See a full range, from onggi — earthenware pieces for storing food, like these water bowls by Lee Hak-su — to celadon, with a grey-green glaze, to contemporary porcelain and mixed materials. Connoisseurs and ceramicists will be fascinated to see the private collection of 200 traditional tools used by Korean potters.


Fused glass: bowl by Lynn Foster


May 20-21 at Mary Ward House, 5-7 Tavistock Place, WC1; madelondon-bloomsbury.org (01903 608757)

Grade I-listed Mary Ward House is the stunning Arts & Crafts venue for the spring edition of Made London, with 120 makers in textiles, ceramics, art, glass, jewellery and more on hand to sell their work and share the secrets of its making.

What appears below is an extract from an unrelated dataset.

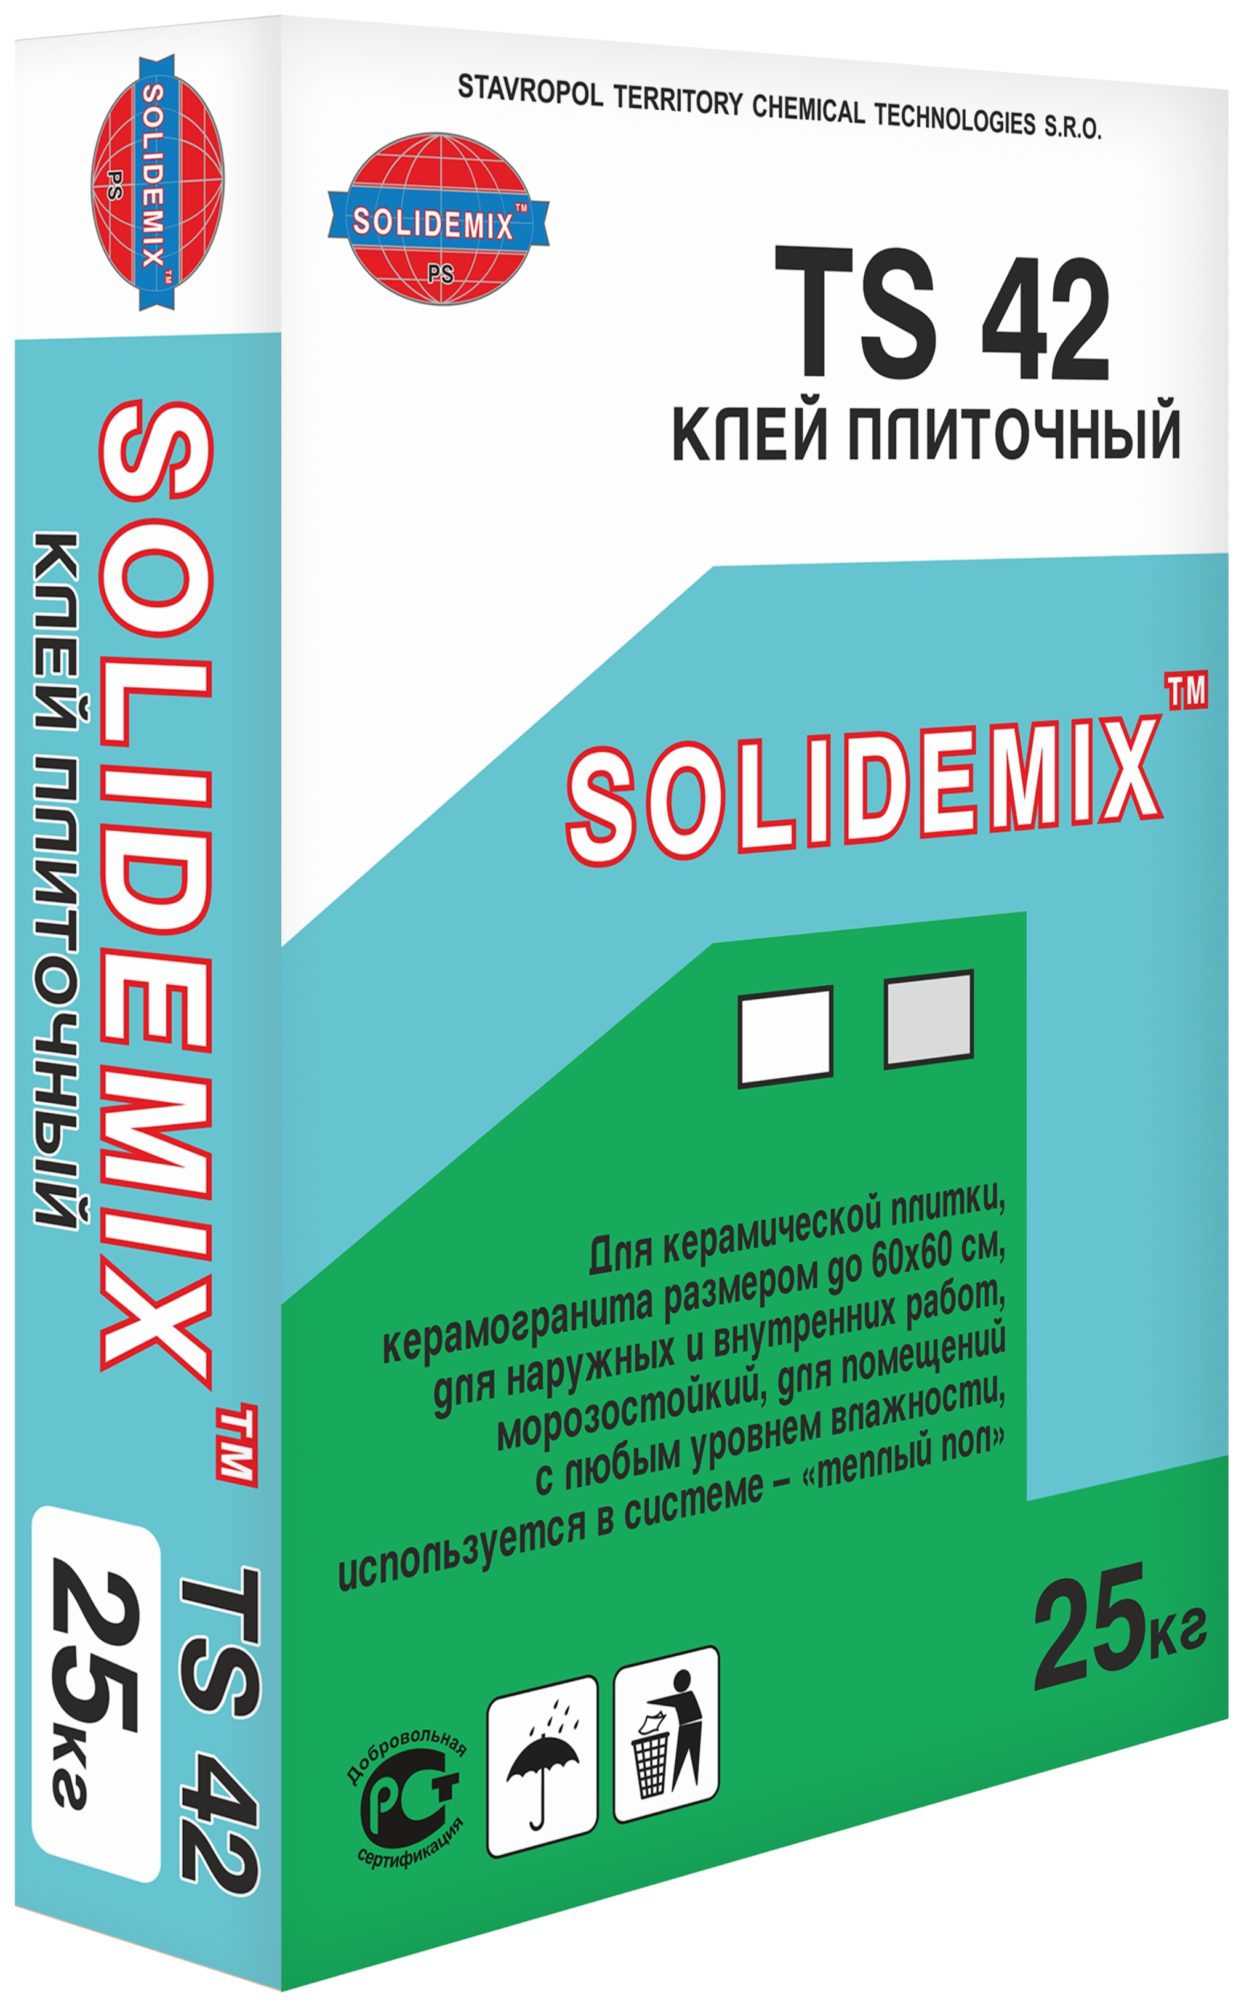 Купить Клей плиточный TS 42 от SOLIDEMIX
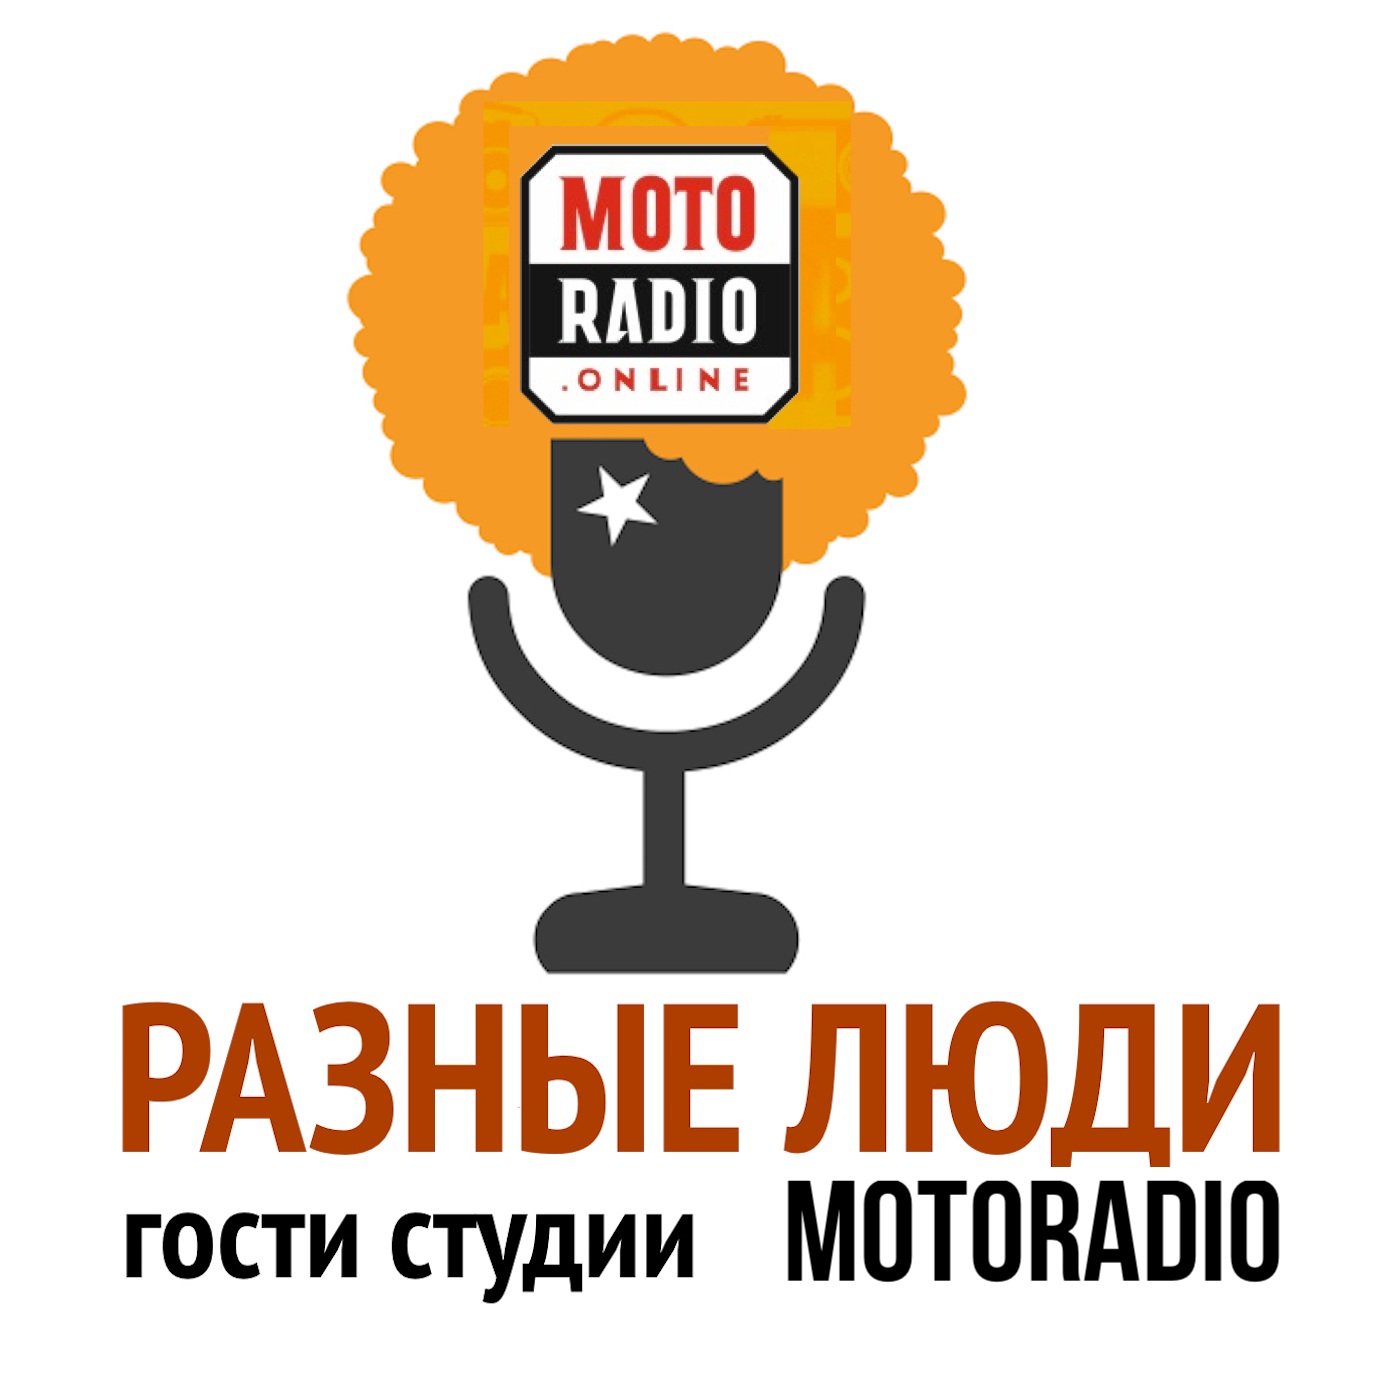 Моторадио Лариса Гергиева, руководитель «Академии молодых певцов» Мариинского театра дала интервью Imagine Radio.

This fused glass bowl is by Lynn Foster of Cockpit Arts. A former “settlement” where rich Edwardians helped London’s poor, the house has a gym, theatre, drawing room, library, dining rooms and classrooms, plus a café with seating outside in a walled garden.



May 16-20, noon to 7pm at Craft Central, St John’s Square, EC1. Visit celebrationofcraftsmanship.com

Shapely solid timbers, fine veneers, precision joints and intricate inlay — here’s a taster for a much bigger celebration that takes place every August in Cheltenham, with 300 makers, mainly of furniture.

Coming to London are 35 pieces from 22 small workshops of master craftsmen and women, from Yorkshire to Cornwall and the Isle of Wight. “Their workshops, so often overlooked, are sources of rare talent,” says show organiser Jason Heap, himself an award-winning furniture designer-maker.

A date for your diary is 3pm-7pm next Tuesday, May 16, when you can meet the makers, share the secrets of their work, and maybe discuss a commission. We love the Velo chair by Jan Waterston in ash, for £2,000. Also comes in other woods.